How good can a workplace be to earn that much less a year and stay. Just because a business may end up saving some IT support fees by paying a tech more than he is currently getting, does not mean they just set a new market rate. Also don't forget the job descriptions are not identical. Many people are happy with the small payrise each year and do not actually seek to find out what they are worth in the market.

This is why people generally do not opt tp leave as they don't really have any reason to if they are treated well enough and are happy in the position they are.

The comfort zone factor has its say and then it all depends on the skills the person has which will determine their market worth. It appears that your top and highly skilled employees are in direct contact with the client and so the client has a name to work with. If suddenly the client realizes that "Joe Smith", who has been working for your company, has great experience and would prove to be better suited working directly for them, then of course they'd offer Joe a slightly better position with them.

The idea is to break your organisation into different levels, where level 1 employees are cheap, but not worth poaching. Let the client deal directly with level 1 staff. Try to minimize as much contact between your client and your top level staff. I can bet you that one day, Joe had a nice little friendly conversation with your client about pay rates, but the person listening to Joe was probably a recruiter. No, thats not right, because the market for this employee is only one business.

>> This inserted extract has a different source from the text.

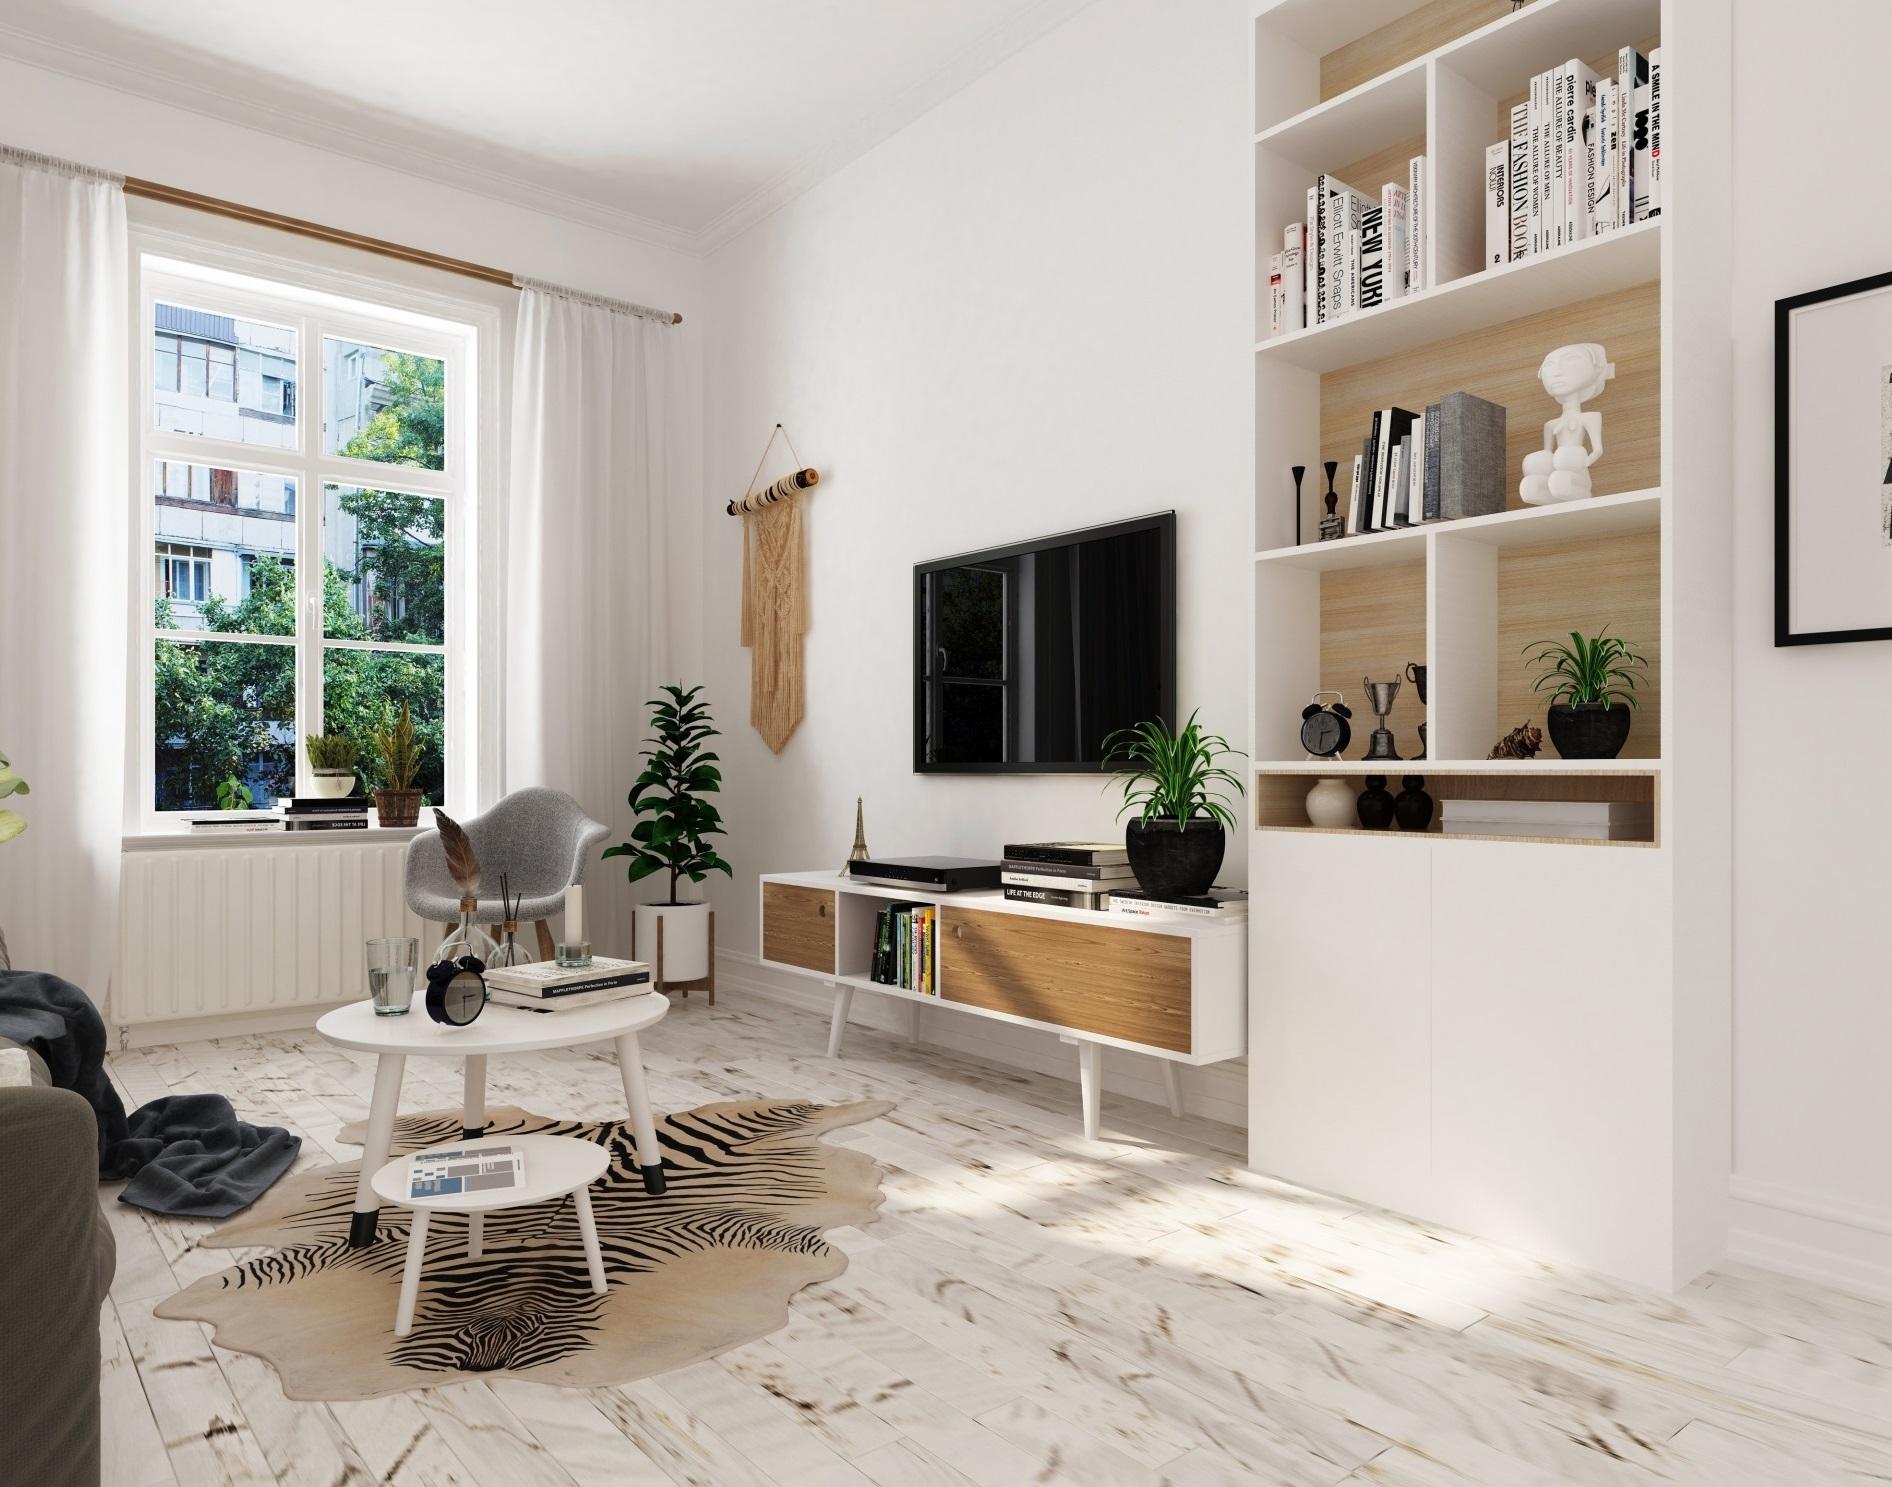 家具・家電・インテリアのおすすめレンタルサービスを比較【月額・サブスクリプション】
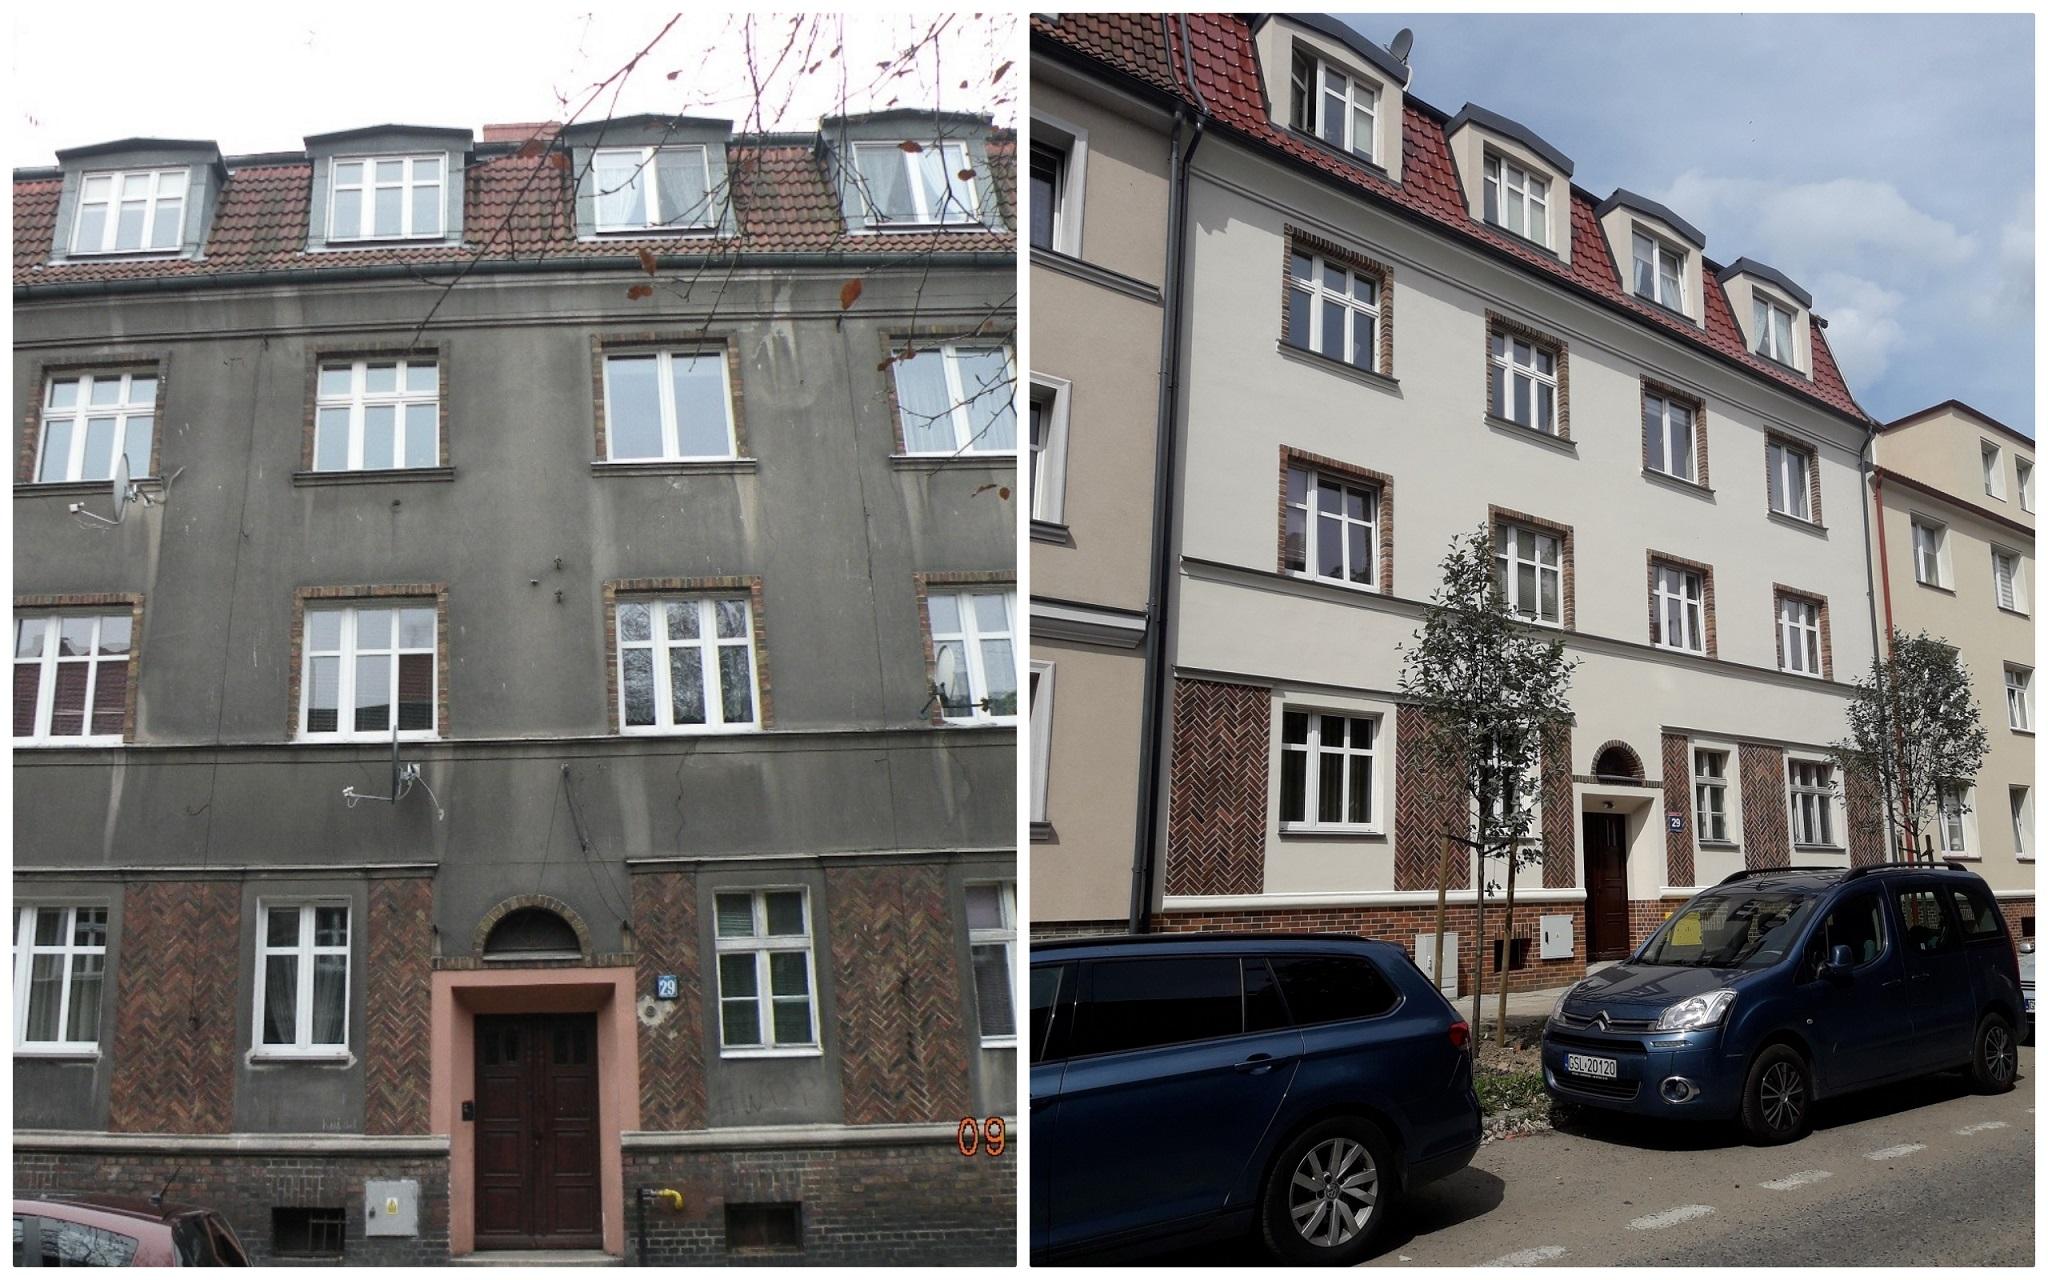 Kamienica przy ul. małachowskiego w Słupsku przed i po termomodernizacji

This is very true, I know of people working on 60k who have bosses who would happily pay them k, but don't because they never complain about being on 60k. Welcome to the free market. Your staff are free to change jobs as they see fit.

Do you know that the staff didn't contact the client and ask for a job? Do you know that a recruitment company wasn't involved? Often, even in cases like this, they will be.

But all up, I think the real question is do you want to give your client a damn good laugh - because if you do then I suggest going ahead and asking them for a fee! His customers probably use him because they get to speak to highly exerienced highly professional staff, not some 17 year old just out of high school still popping zits.

I would think that is one of the main reasons they use his services. Going and doing a TPG or Dodo on them, and making only your inexperienced newbie staff accessable to them, is a good way to go broke. Your model might work barely in the ISP call centre industry where the only important things are numbers , but certainly would not in the coporate support industry. You only have to look at the number of complaints about customer service from companies that do this, to work out that its not a good idea for him.

Corporates pay top dollar for support because they expect top support. ISPs have the disadvantage of having to support a huge number of small clients and hence need high number of level 1 support. With corporate clients, level 1 support numbers can be significantly less - improving client satisfaction when dealing with the same level 1 person.

Giving end clients direct access to level 3 support people will lead to situations the OP describes. They'd still receive level 3 support in the end.